What is required »
Leave the pictures out and quote only the lines from the one with "Bandai Anime Heroes" down to the end of the listing below.

Data shown »
━━━

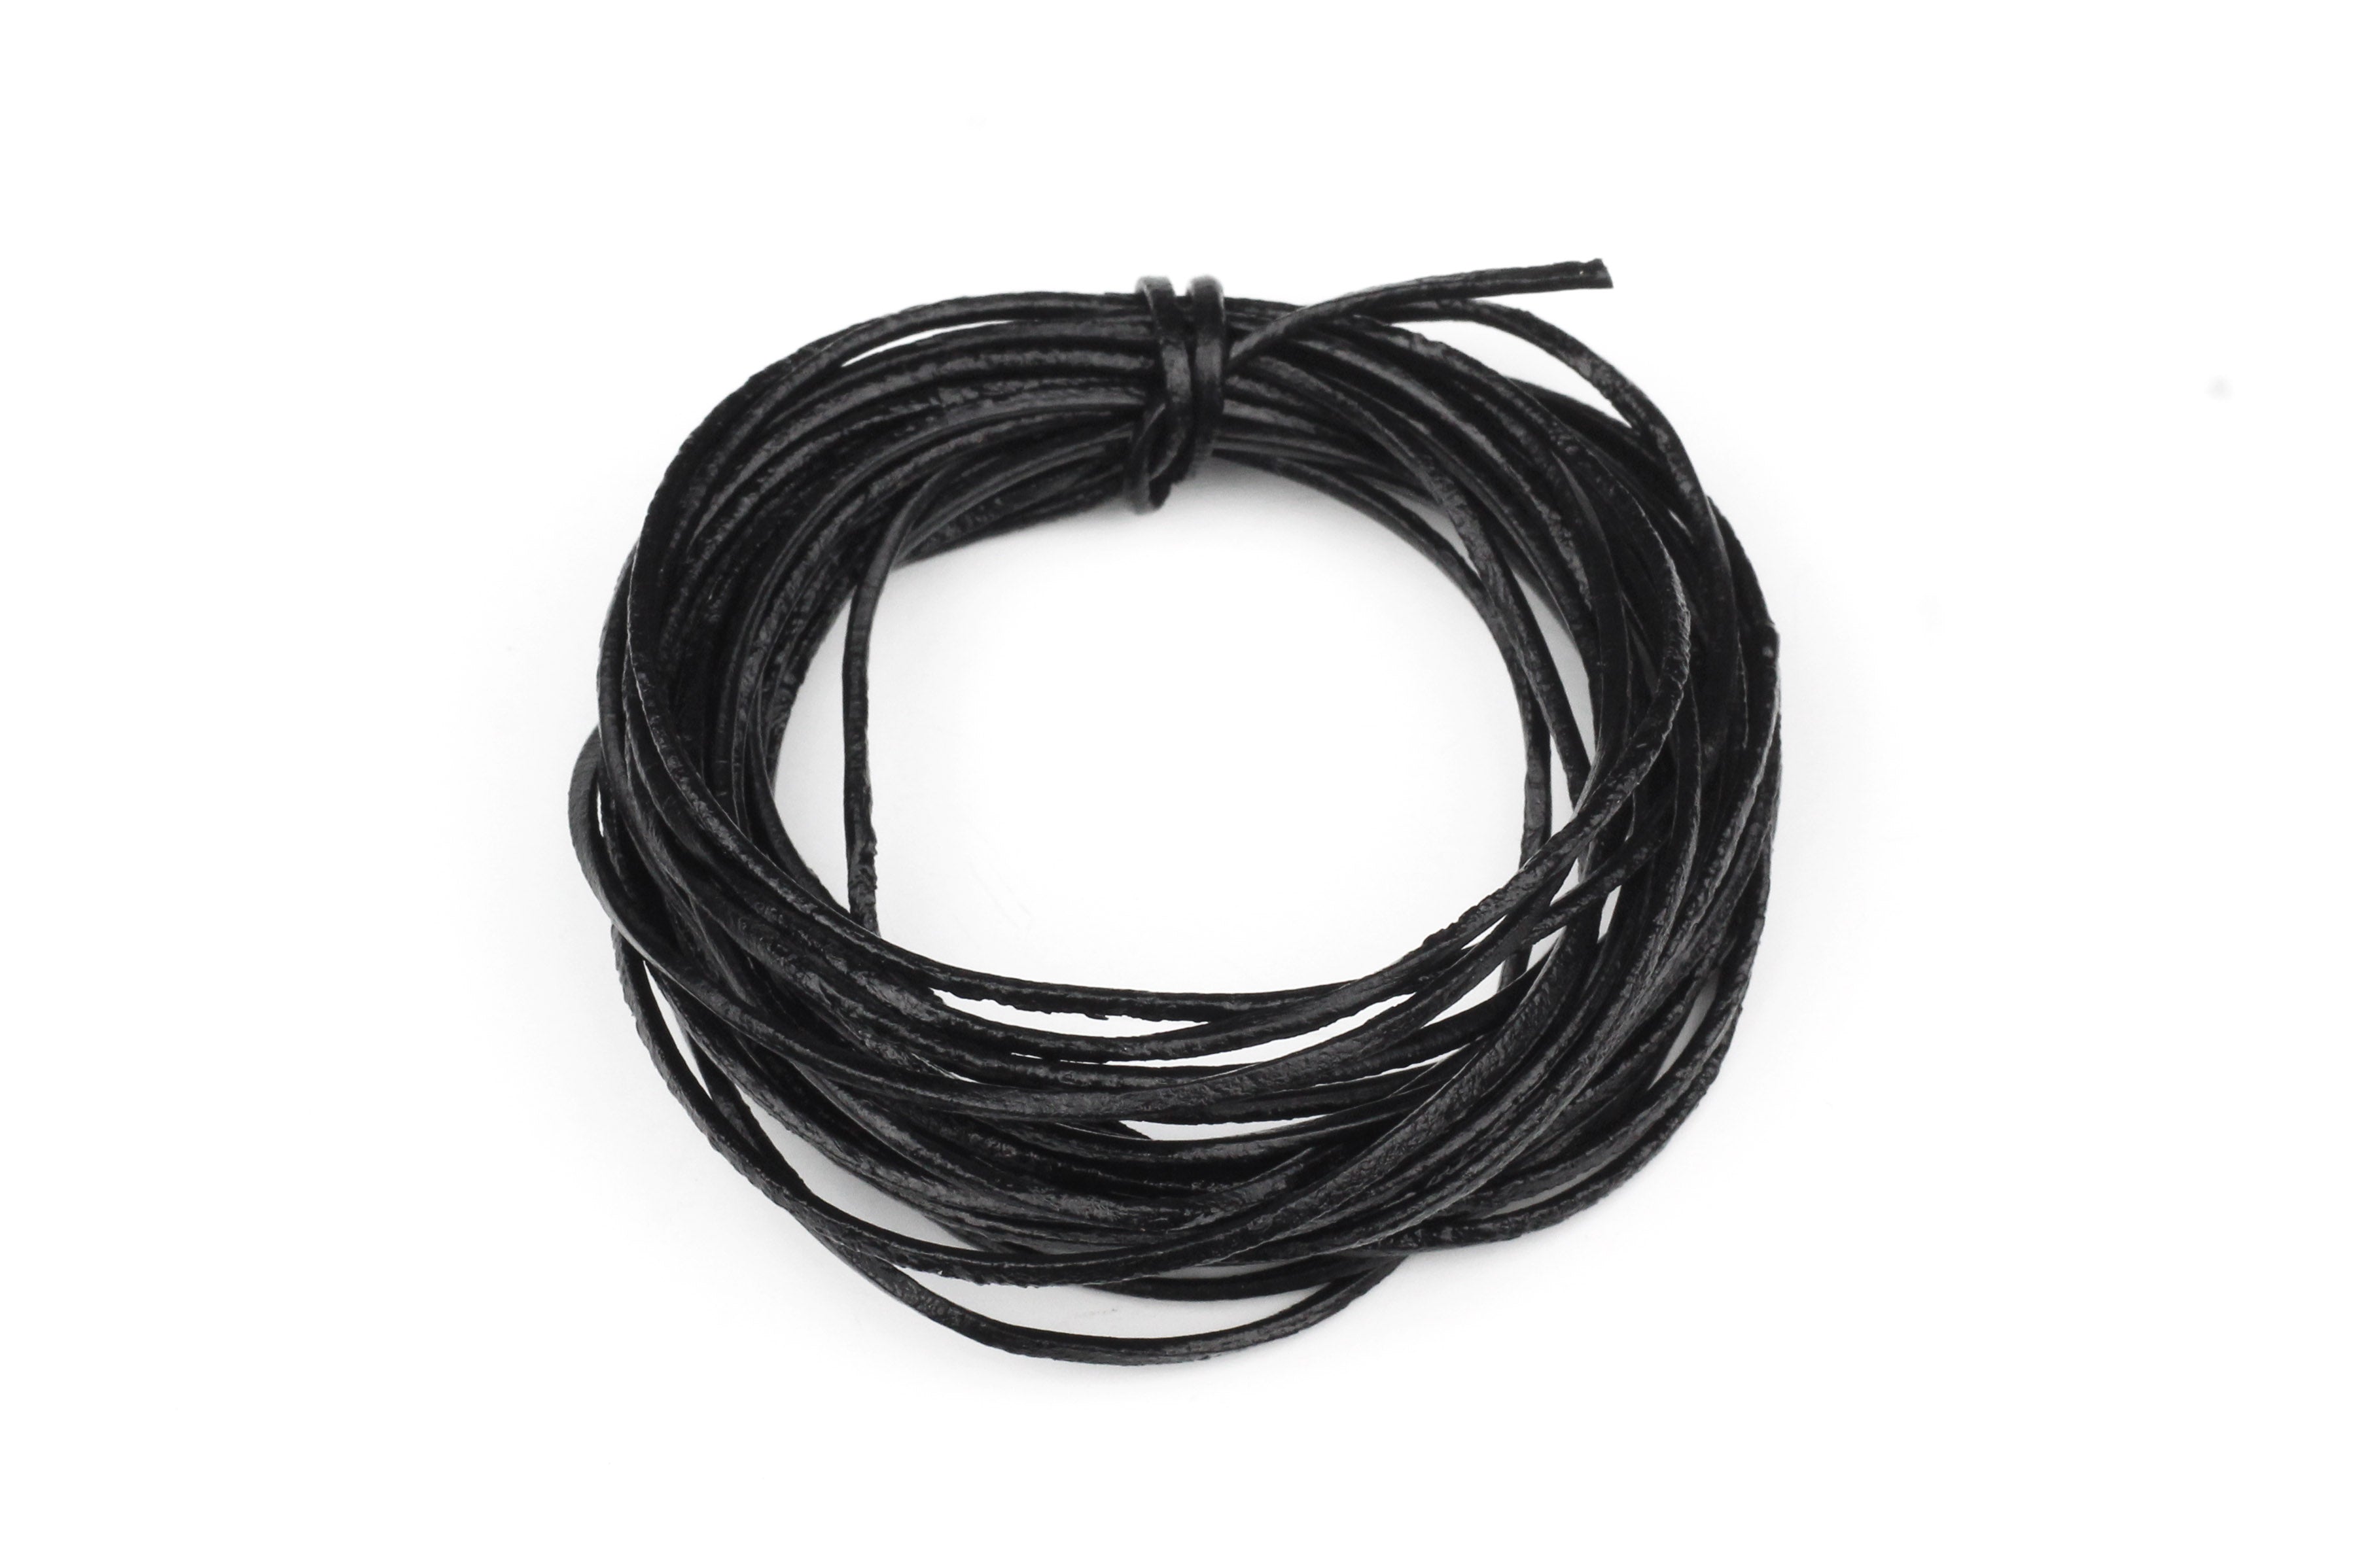 Leather Cord 
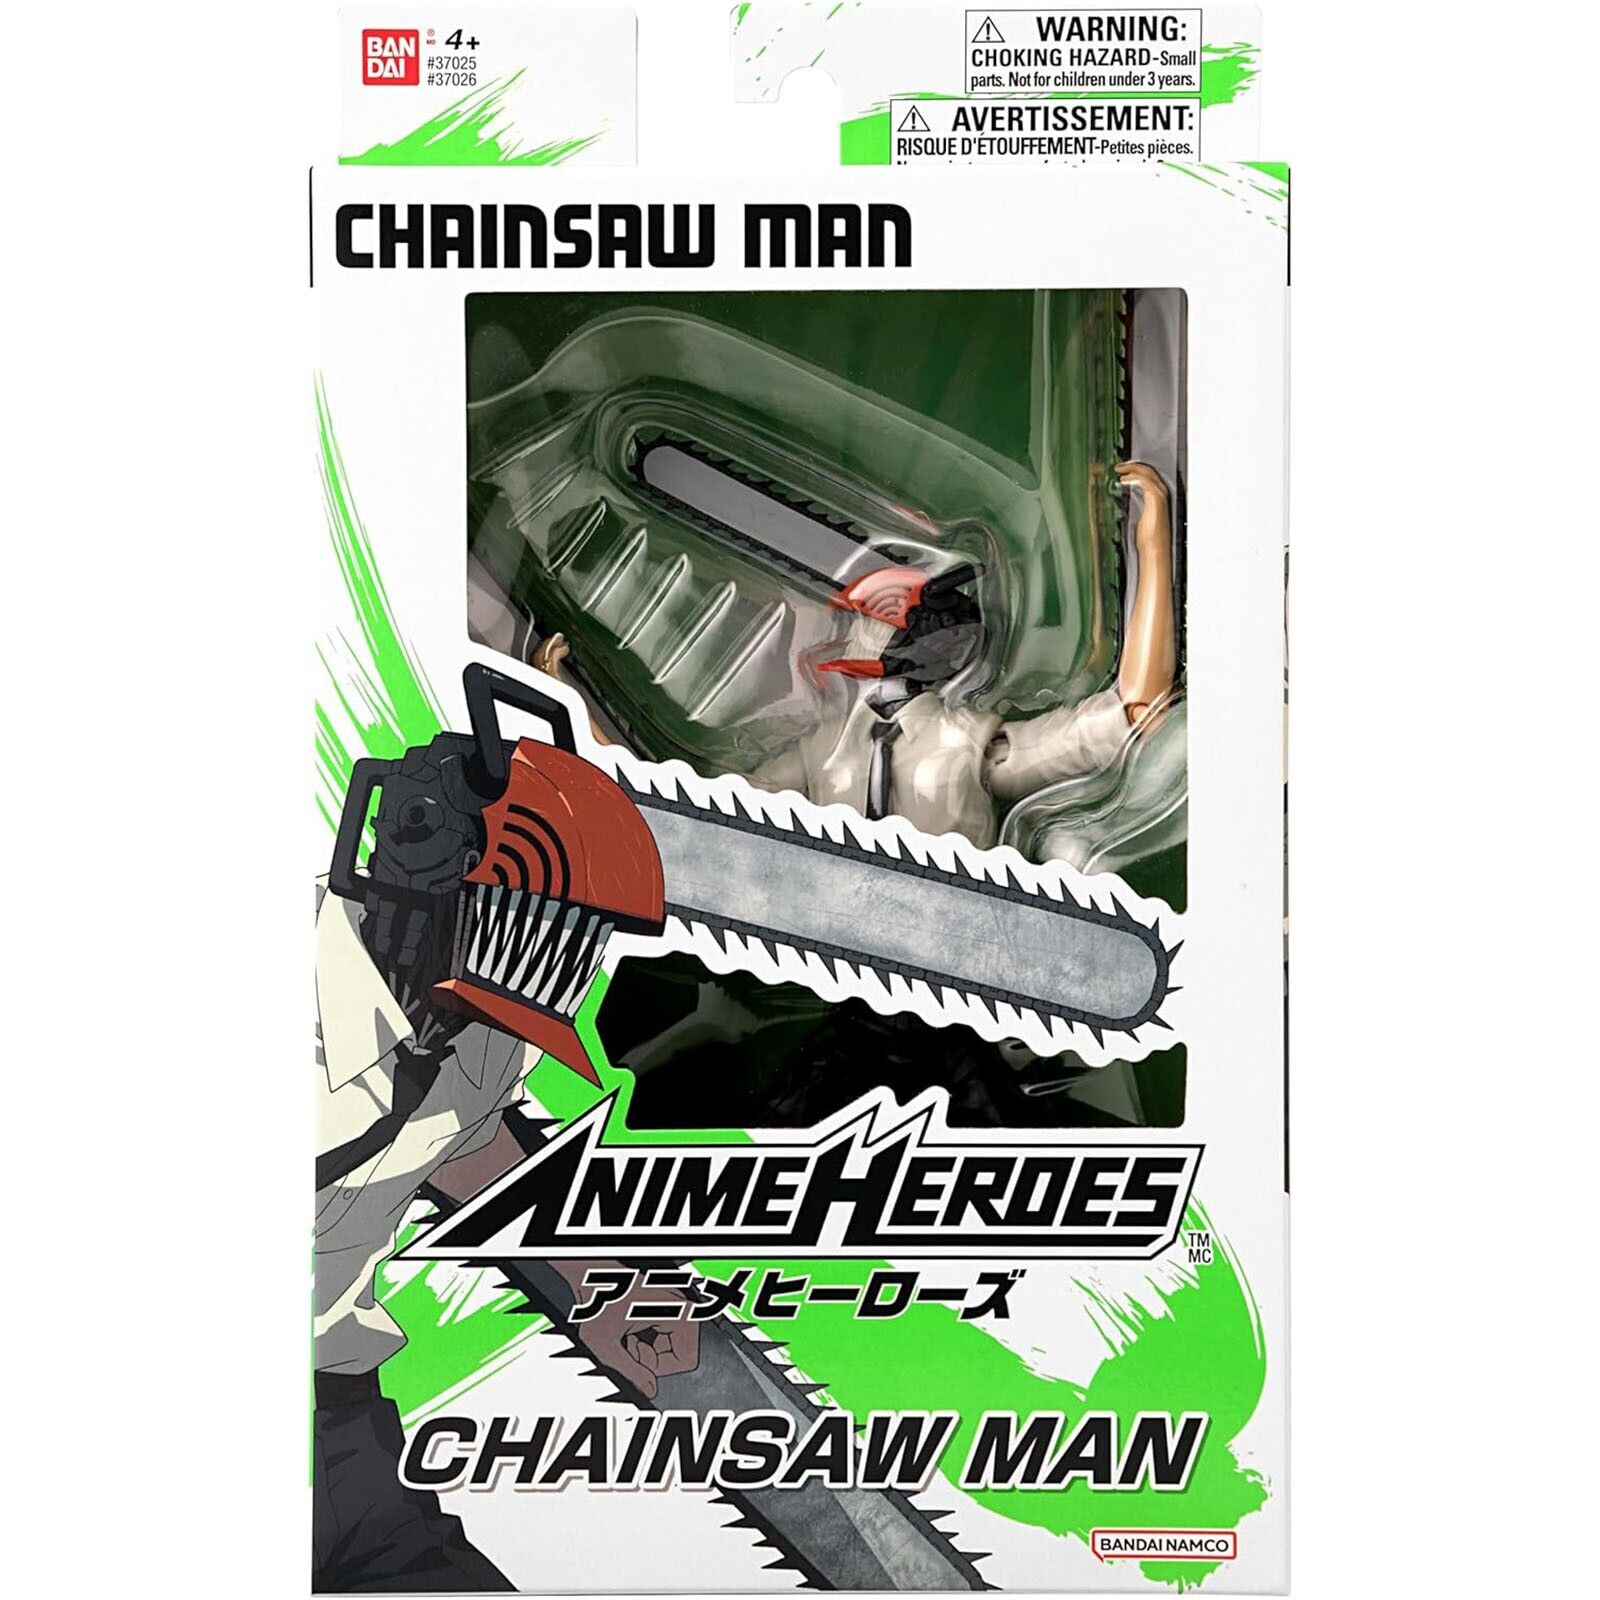 Bandai Anime Heroes Chainsaw Man 7 Inch Action Figure NEW IN STOCK
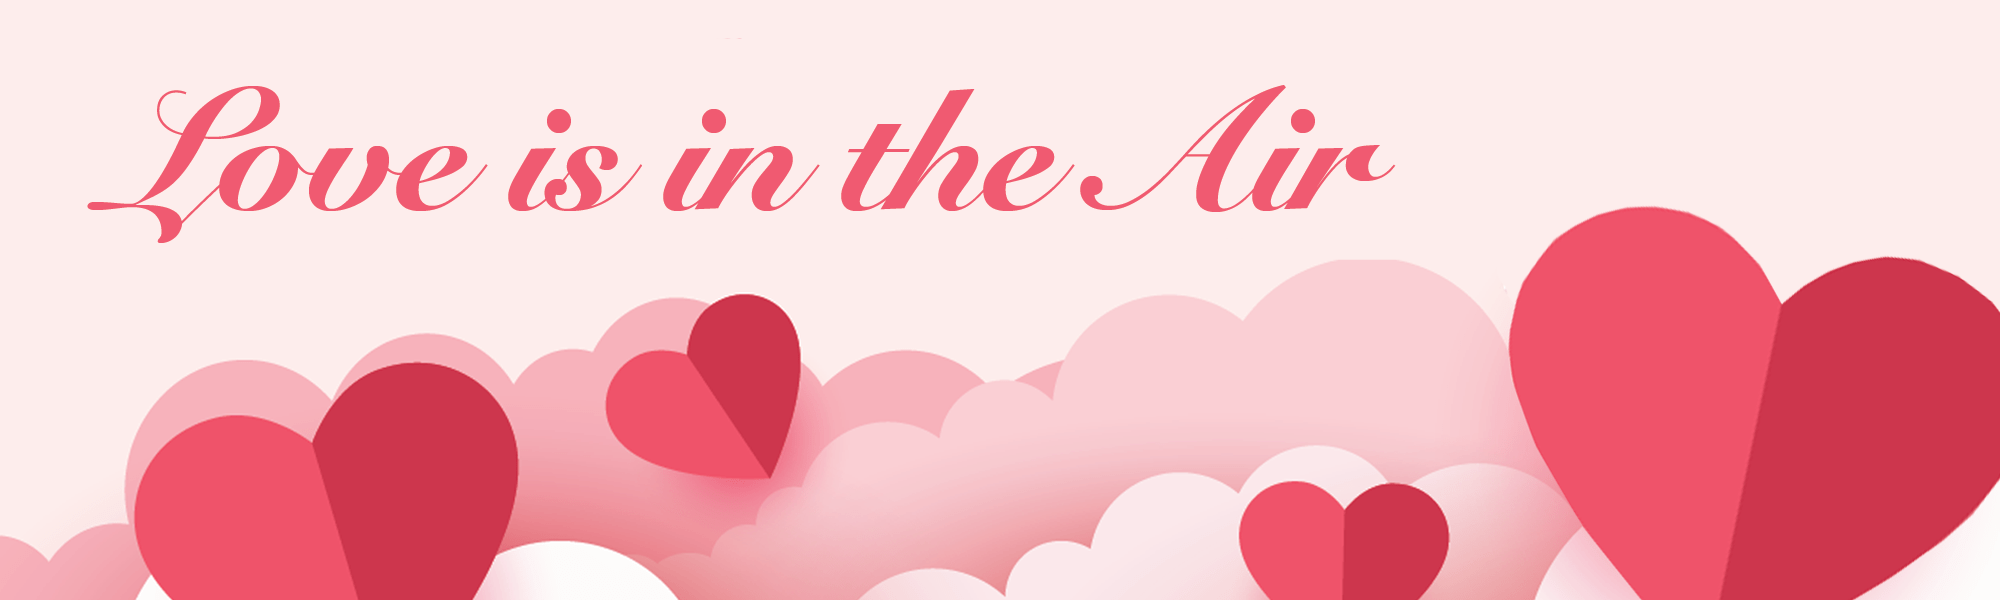 Love-is-in-the-air-web-banner

━━━

Written response »
 Bandai Anime Heroes Chainsaw Man 7 Inch Action Figure NEW IN STOCK
 Love-is-in-the-air-web-banner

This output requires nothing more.